Fig.2 A Typical Polarimetry Programme
Above we show a typical polarimetry MSB, containing two separate
observations, for a sky flat and a target. The "Pol angle then jitter"
observation for the latter begins with three
components (the broken blue boxes), which specify the target
information (target and guide star coordinates), the instrument
configuration and the reduction recipe. There are also "notes"
between the components; notes can be added at any point in a sequence
by clicking on the "note-pad" icon in the left-hand tool bar. The
user should click on each of these components to check parameters
and/or add new information; the parameters associated with each
component will be displayed in the right-hand portion of the OT window
(n.b. you can resize the window if necessary!).
- The Target Information component
obviously needs to be edited; click on this to enter source
coordinates AND to specify a guide star. This component may also be
used to display a Digitised Sky Survey image of the target field, the
instrument aperture size, the regions blocked by the waveplate + holder,
and various guide-star catalogues.
- The UIST
component sets the instrument to its initial configuration;
integration time, filter, etc. Note that
you must also select polarimetry in this component (to install the
internal Wollaston prism).
- The DRRecipe component should already
be set correctly to the recipe specific to your chosen mode of IRPOL
imaging, though you should check this.
The sequence in Fig.2 follows the "Pol Angle then Jitter" method
described earlier. The alternative, "Pol Jitter then Angle" (also
available in the template library) is almost identical to the sequence
above, except that the IRPOL and Offset iterators switch places, so
that the telescope is offset three times (north-south) BEFORE moving
the waveplate. Groups of 12 frames are still acquired, however.

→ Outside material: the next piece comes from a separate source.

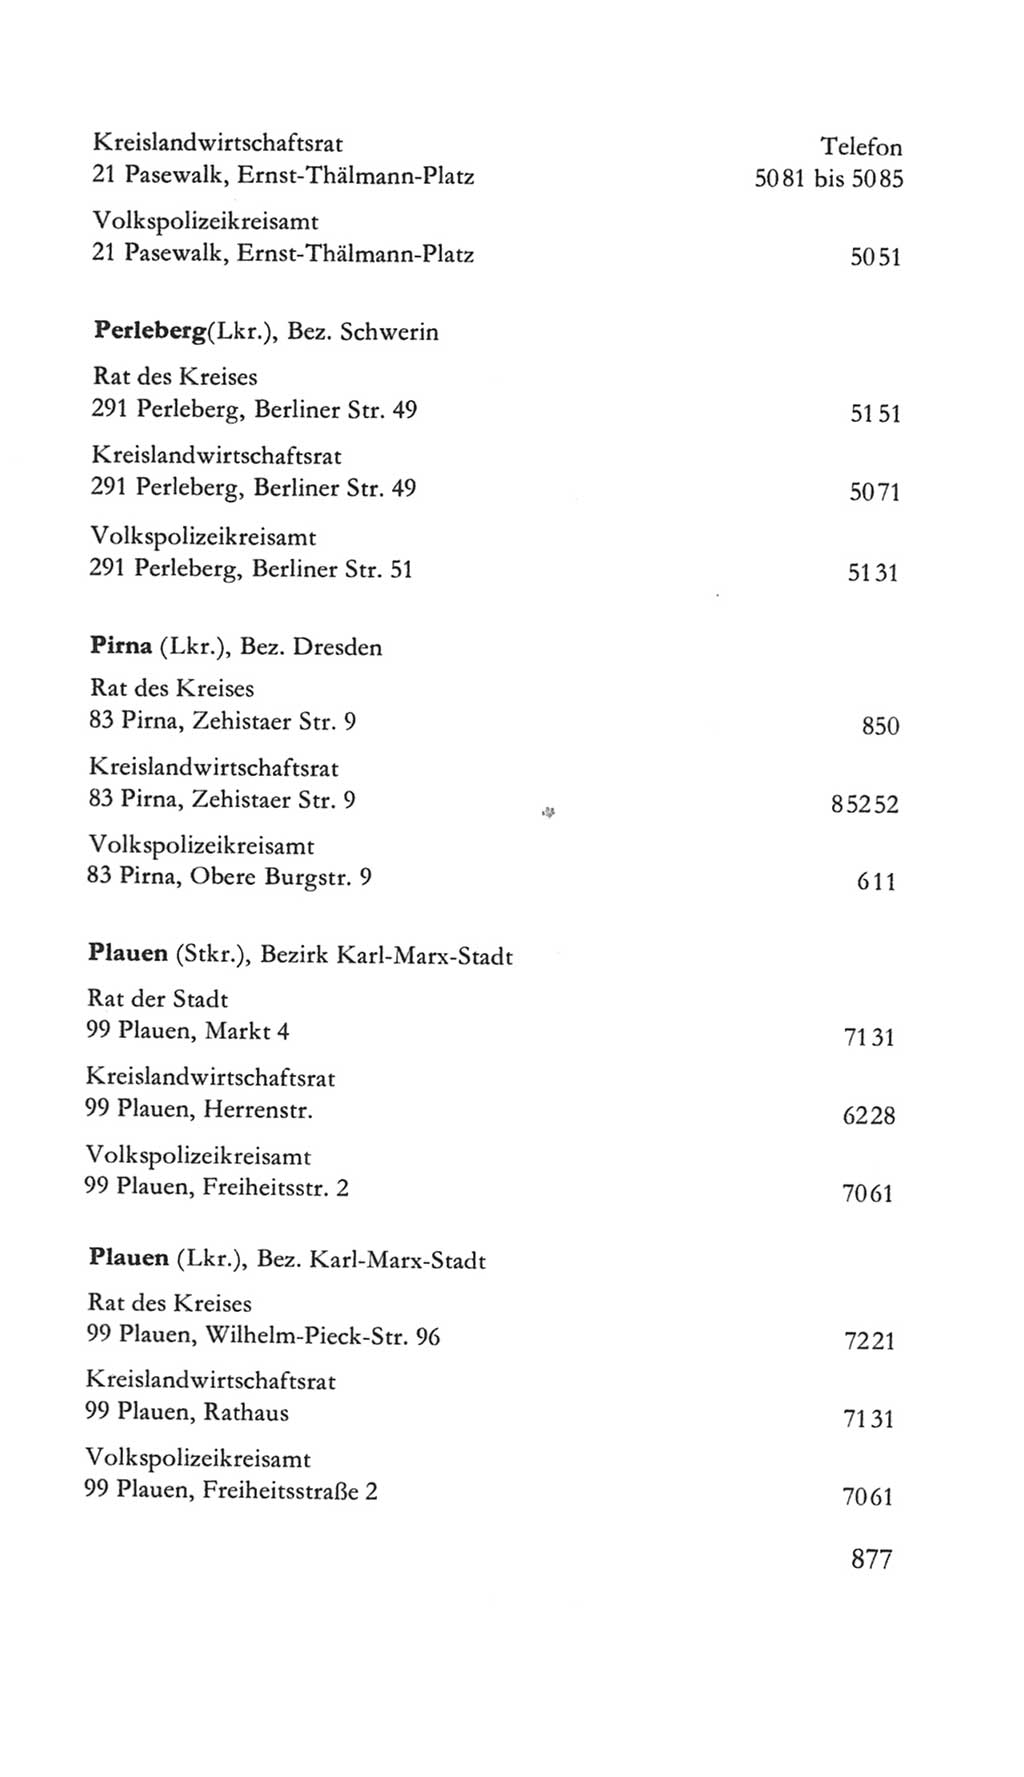 Volkskammer (VK) der Deutschen Demokratischen Republik (DDR) 5. Wahlperiode 1967-1971, Seite 877 (VK. DDR 5. WP. 1967-1971, S. 877)

Sky flats - a discourse...
With near-infrared astronomy, a good flat-field is of course always
a high priority, although for polarimetry the flat-field is in
principle independent of the final result, since it is the
ratio of observations which are measured. However, one can only
safely assume this if (1) the detector is equally sensitive to e- and
o- rays, and (2) exactly the same pixels are ratioed each time (this
should be the case when guiding, especially if the 4 WP angles are
observed BEFORE the jitters). If
(1) and/or (2) do not apply, then a flat field is needed to determine
of the e- and o-beam sensitivities.
Twilight or Dome flats
At shorter wavelengths, getting a sizable number of counts on the
array becomes an issue. Two possibilities are currently being
investigate; twilight and "dome" flats.
To date we have little experience of taking twilight flats. These
can be difficult to (flexibly) schedule if you do not have summit
status. Also, obtaining data in more than one filter can be
difficult, since obviously the sky darkens very quickly.
The twilight sky will be polarised, particularly towards the
zenith. It is, however, still possible to flat-field data with
twilight flats provided separate e- and o- beam images are extracted
and flatfielded using separate e- and o- flat images, the flats being
normalised individually. Note also that the algorithm used by the
POLPACK:polcal routine allows for a constant polarisation to be
present across the flat field surface (the aperture field of view).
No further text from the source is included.